I try to be as little indispensible as possible. If someone from ‘the business’ is in need of reporting, I try to give access to a tool that suits his/her needs. If they need to create or modify a report, they should not be dependent of me, or anyone else capable of doing Alfresco Magic. Being build op Open Standards and proven technologies does not mean everybody is capable of doing everything with it

My view on reporting is:

  1. ‘The business’ should be able to create/maintain reports.
  2. The reporting environment should support Aspects. If one adds a type with some additional properties, the reporting environment should be able to deal with it, without manual reconfiguring.

I was charmed by the basic approach of the “Alfresco generate reports with JasperReports” project; the scripted access to the Java logic to push the data into the reporting, and the use of JavaScript controlled JasperReports/iReport to define the report definition (can be used in Rules, Scheduled jobs, Actions, Workflow…). That I would keep.

I basically investigated 3 approaches:

Go XML. This is the approach of the “Alfresco generate reports with JasperReports” project. It is nice, but has same disadvantages. First of all the way to configure the data feed. XPath and XQuery is not something I trust the business with. You need more knowledge to construct a query than iReport will bring. If the business should be able to construct/maintain reports, it is a no-go. Next to that, the xml feed needs to be cached somewhere, real time generation is a pain when there is a lot of content.

Go NOSQL. Considering the Aspect-nature of Alfresco, a flexible approach would be one that accepts all kind of metadata fields without reconfiguring the reporting environment. NOSQL should be able to cater for that. MongoDB would be a nice candidate, kind of mature, JSON to interact with the database and multi platform availability. Downside is that the query language is not ‘really common’. Considering my customers, I would be the query wizzard again. This seems technically the most fancy solution, but it does not solve my problem; the business will not be able to operate the reporting by themselves (although iReport would ‘support’ it).

Go SQL. The big plus would be that some SQL knowledge is out there. There would be a lot more resources other than me to create and maintain reports. there also is enough tooling of choice to define and generate these reports. Downside is that a SQL database has a rigid set of columsn and column definitions. Manual extending a set of table definitions if someone happened to extend some aspects in the repository would be ‘unacceptable’. If this could be auto-configured, I have a nice solution…
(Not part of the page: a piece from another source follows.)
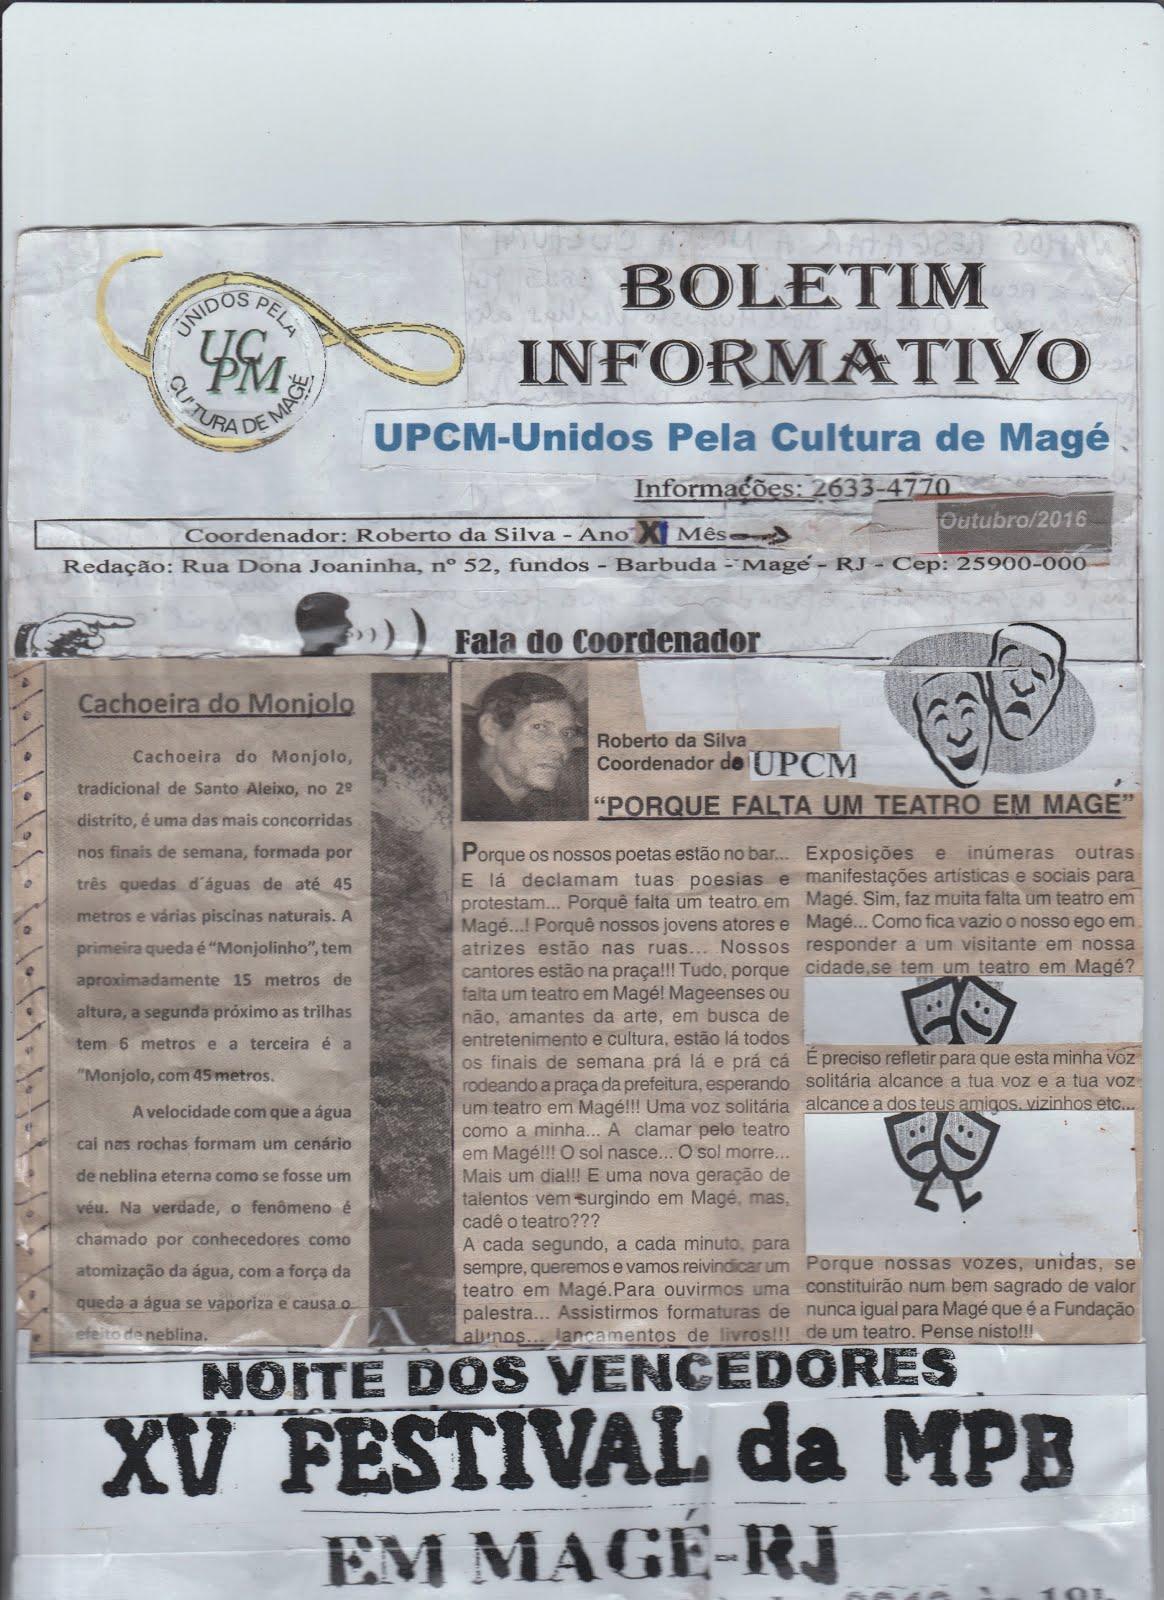 Boletim Informativo do UPCM-Unidos Pela Cultura de Magé

But how do I get the Aspect flexibility in the reporting tables? Can I use Alfresco’s own repository? In my Filenet days I created a view over the database to allow (real time) reporting against the production database. Feasible if there is hardly any load (on reporting nor document repository). For my intended use a separate DB would be required. I started creating a view on top of the DB, but stopped developing it. I do not like to be depending on Alfresco’s changes in the DB, they own the database schema, not me. Even ignoring any performance penalties.

My current implementation is based on a separate reporting database, JavaScript controlling a Freemarker search and some Java code to fill the reporting database, and a JavaScript method that creates any report against the external database.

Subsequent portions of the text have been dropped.